-- PROVIDED MATERIAL follows --

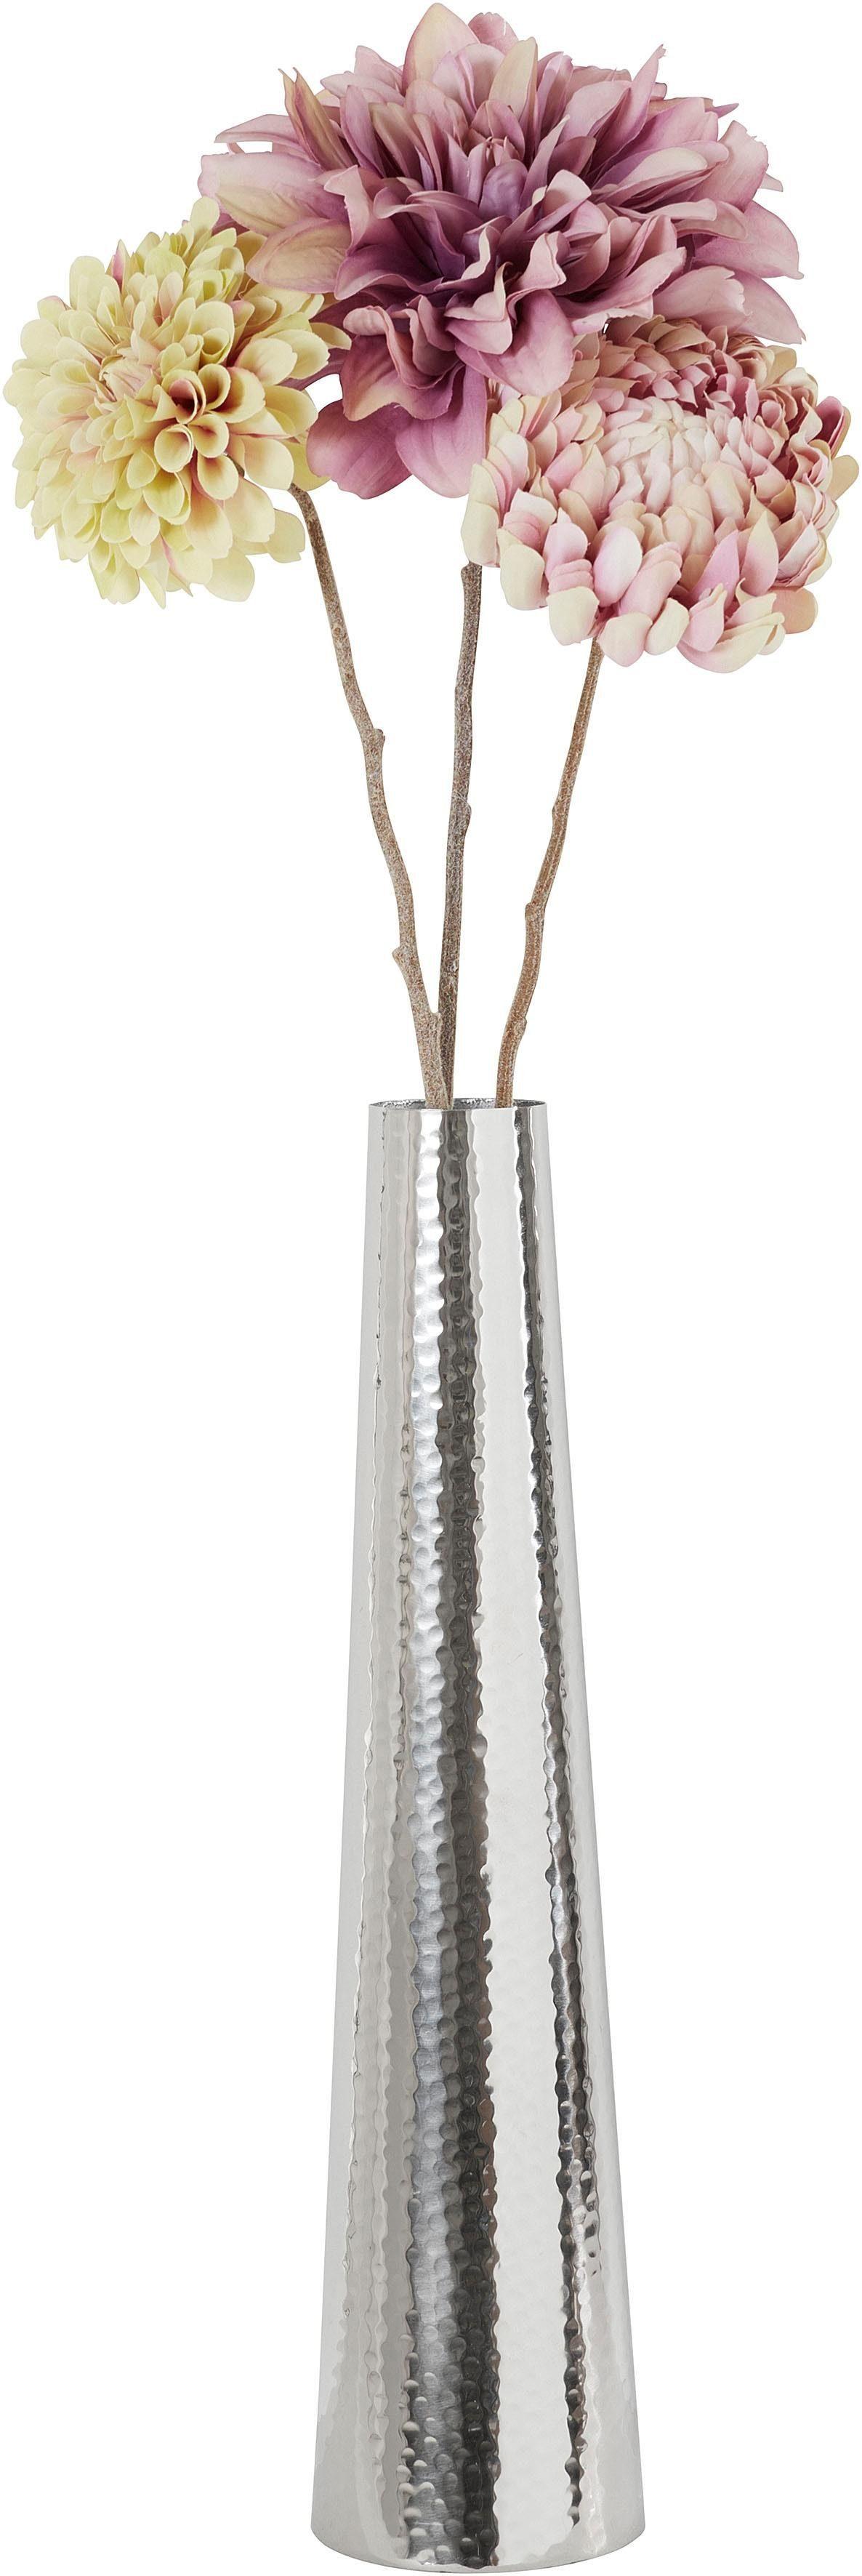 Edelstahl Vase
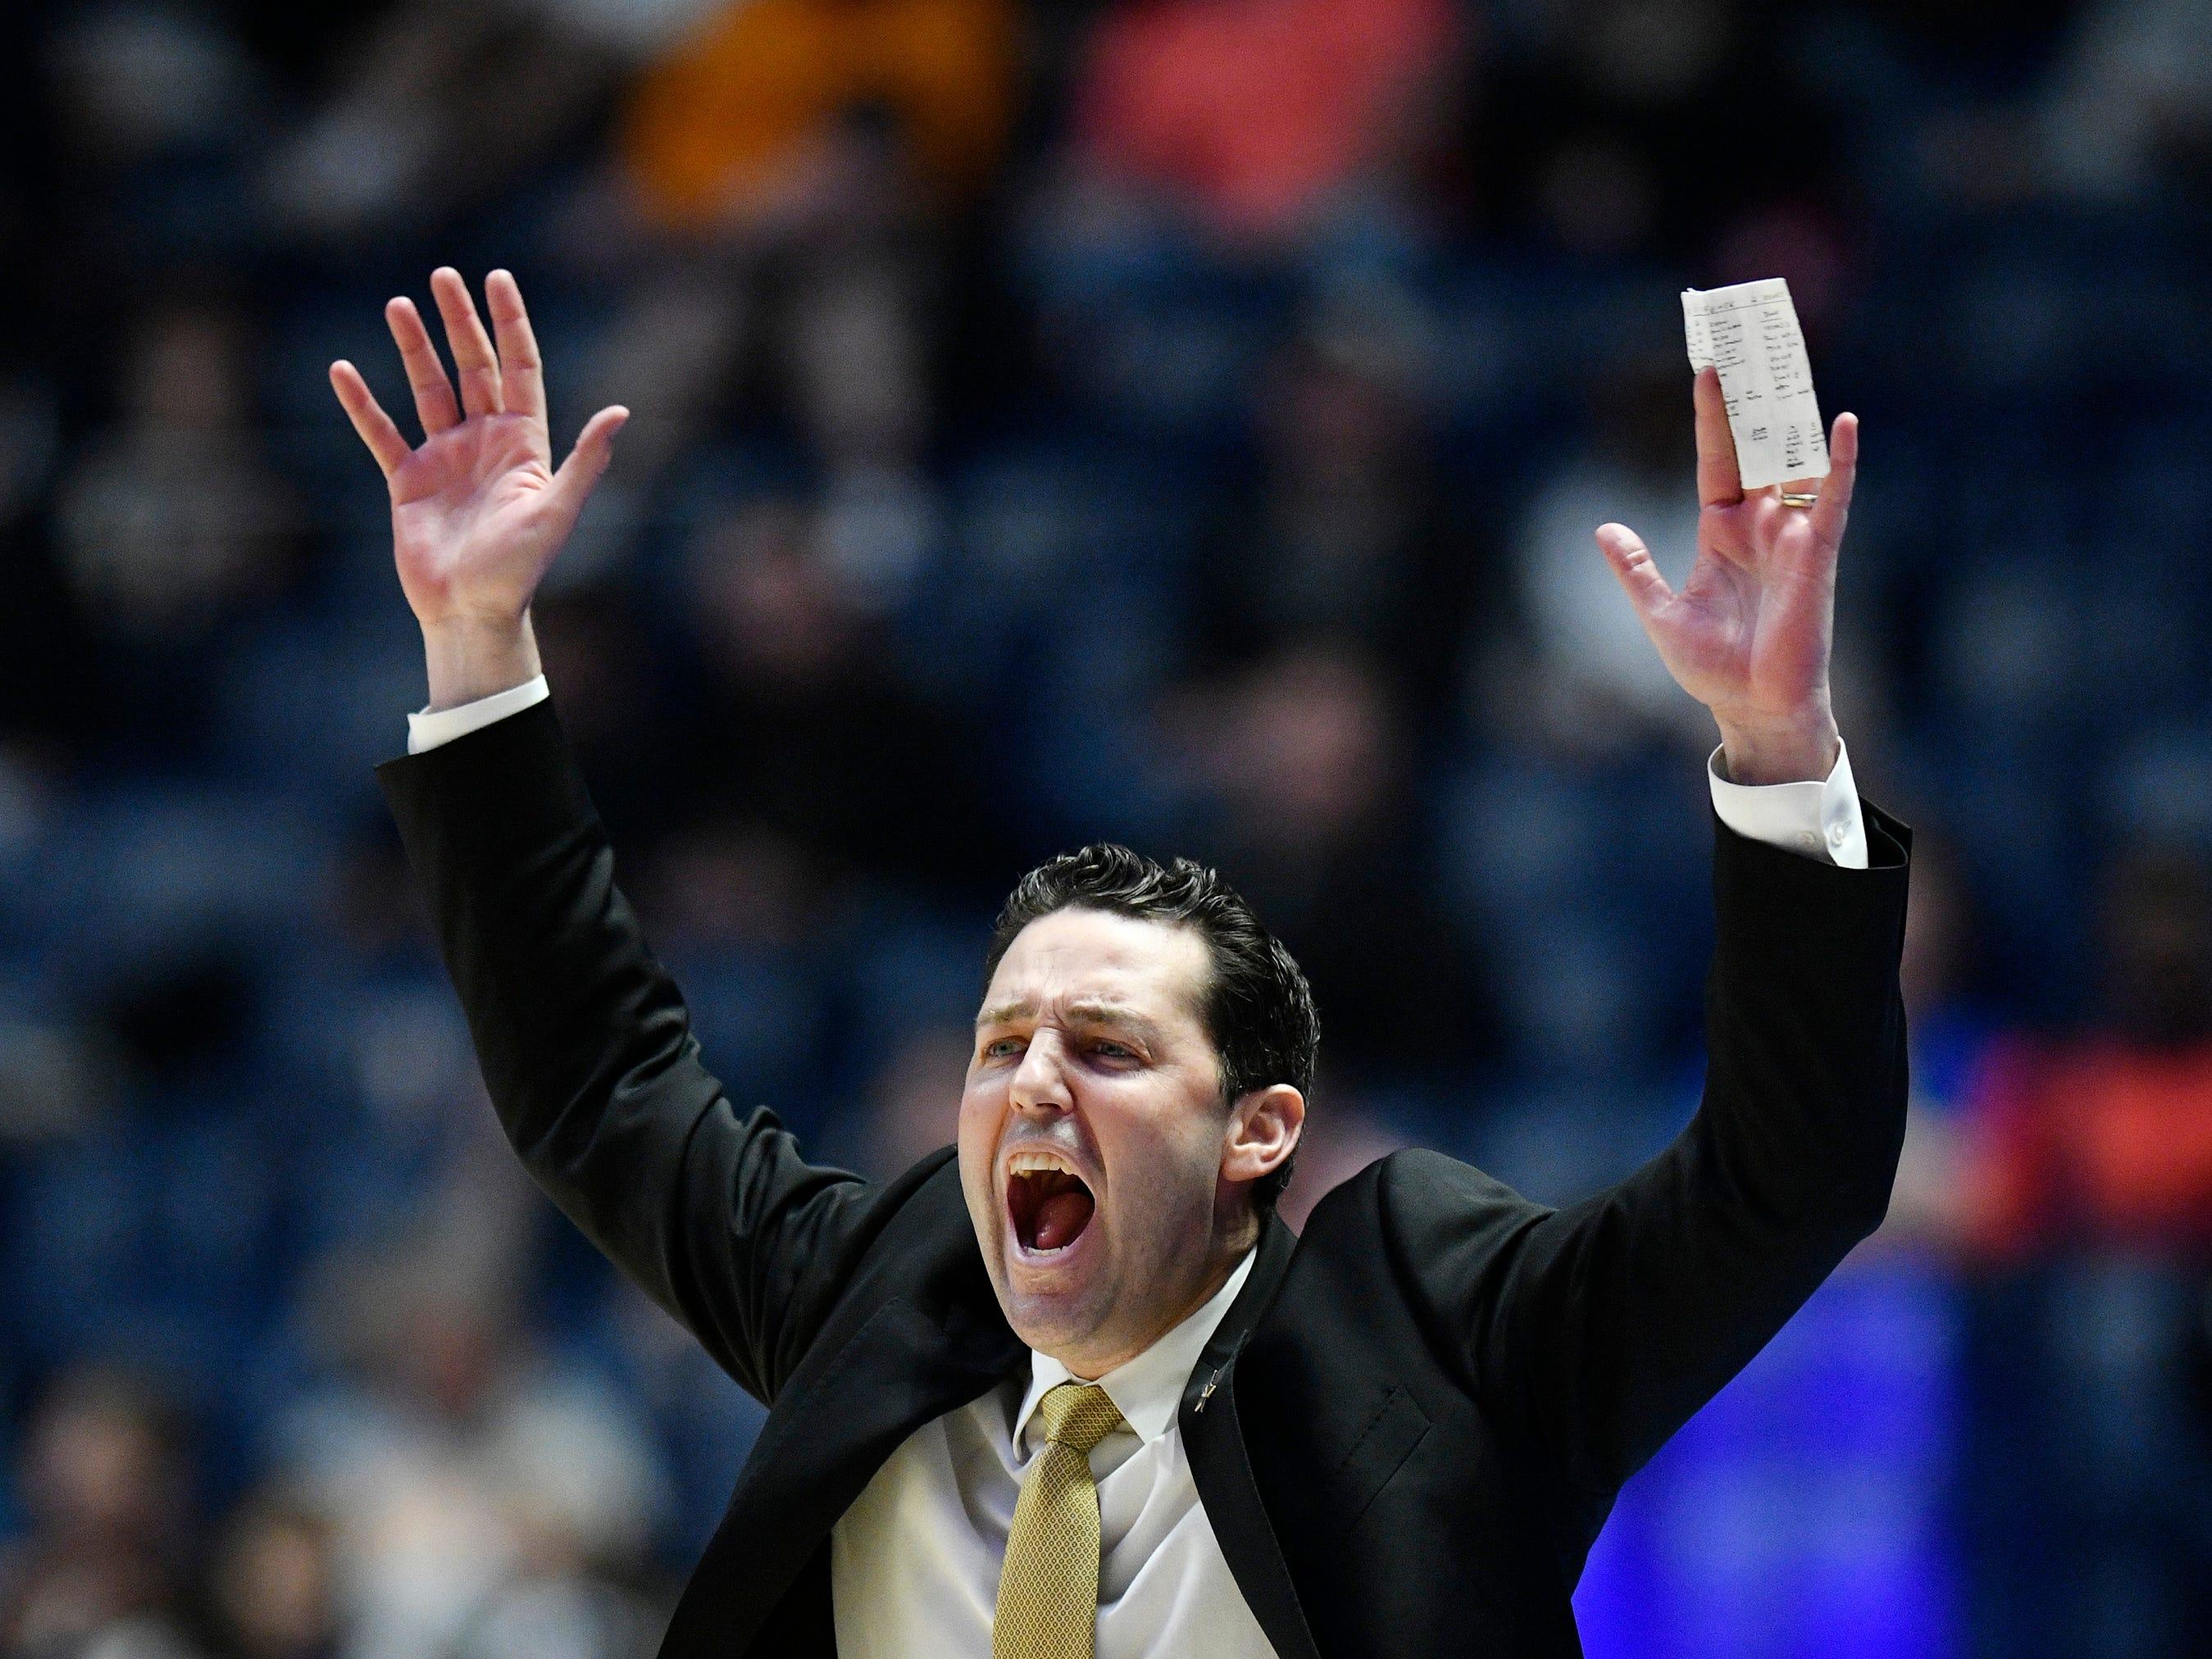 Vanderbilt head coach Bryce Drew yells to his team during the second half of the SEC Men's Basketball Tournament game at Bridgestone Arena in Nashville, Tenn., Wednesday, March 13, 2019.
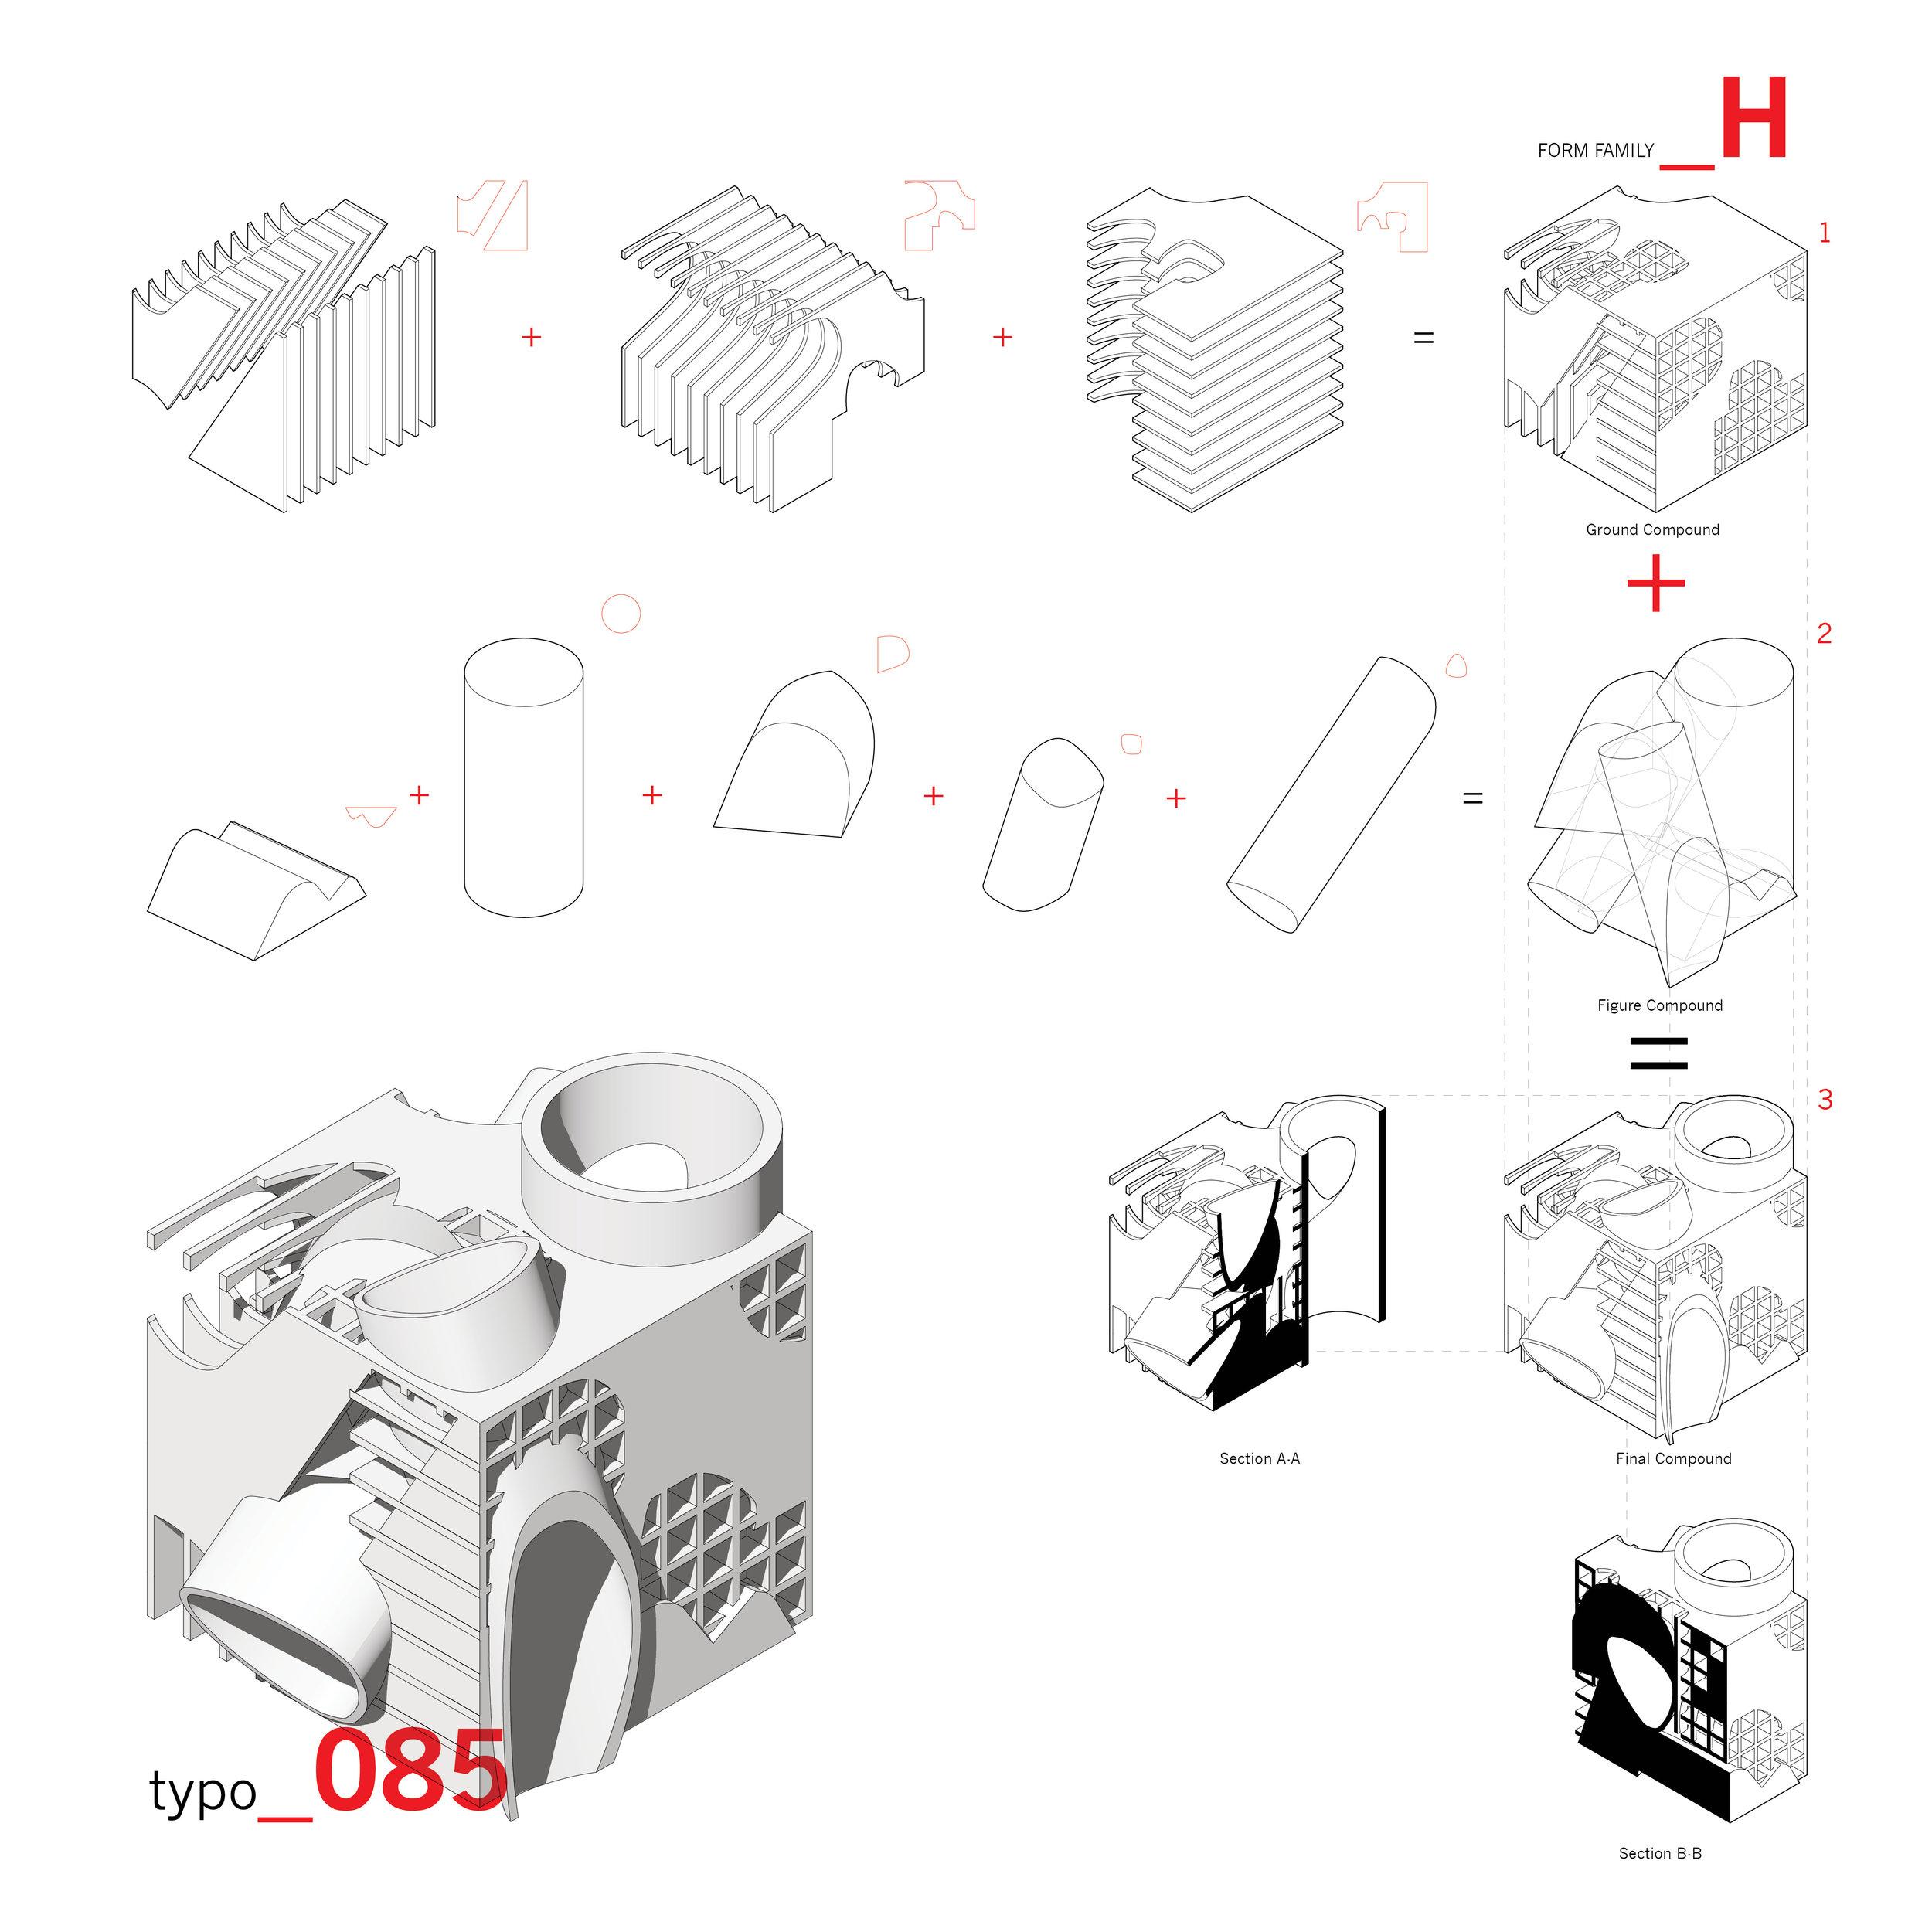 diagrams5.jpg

-- PROVIDED MATERIAL concluded --

> _THE TASK_
Return the listing above in full and unaltered. Keep the pictures out.

> _WRITTEN RESPONSE_
 Edelstahl Vase
 Vanderbilt head coach Bryce Drew yells to his team during the second half of the SEC Men's Basketball Tournament game at Bridgestone Arena in Nashville, Tenn., Wednesday, March 13, 2019.
 diagrams5.jpg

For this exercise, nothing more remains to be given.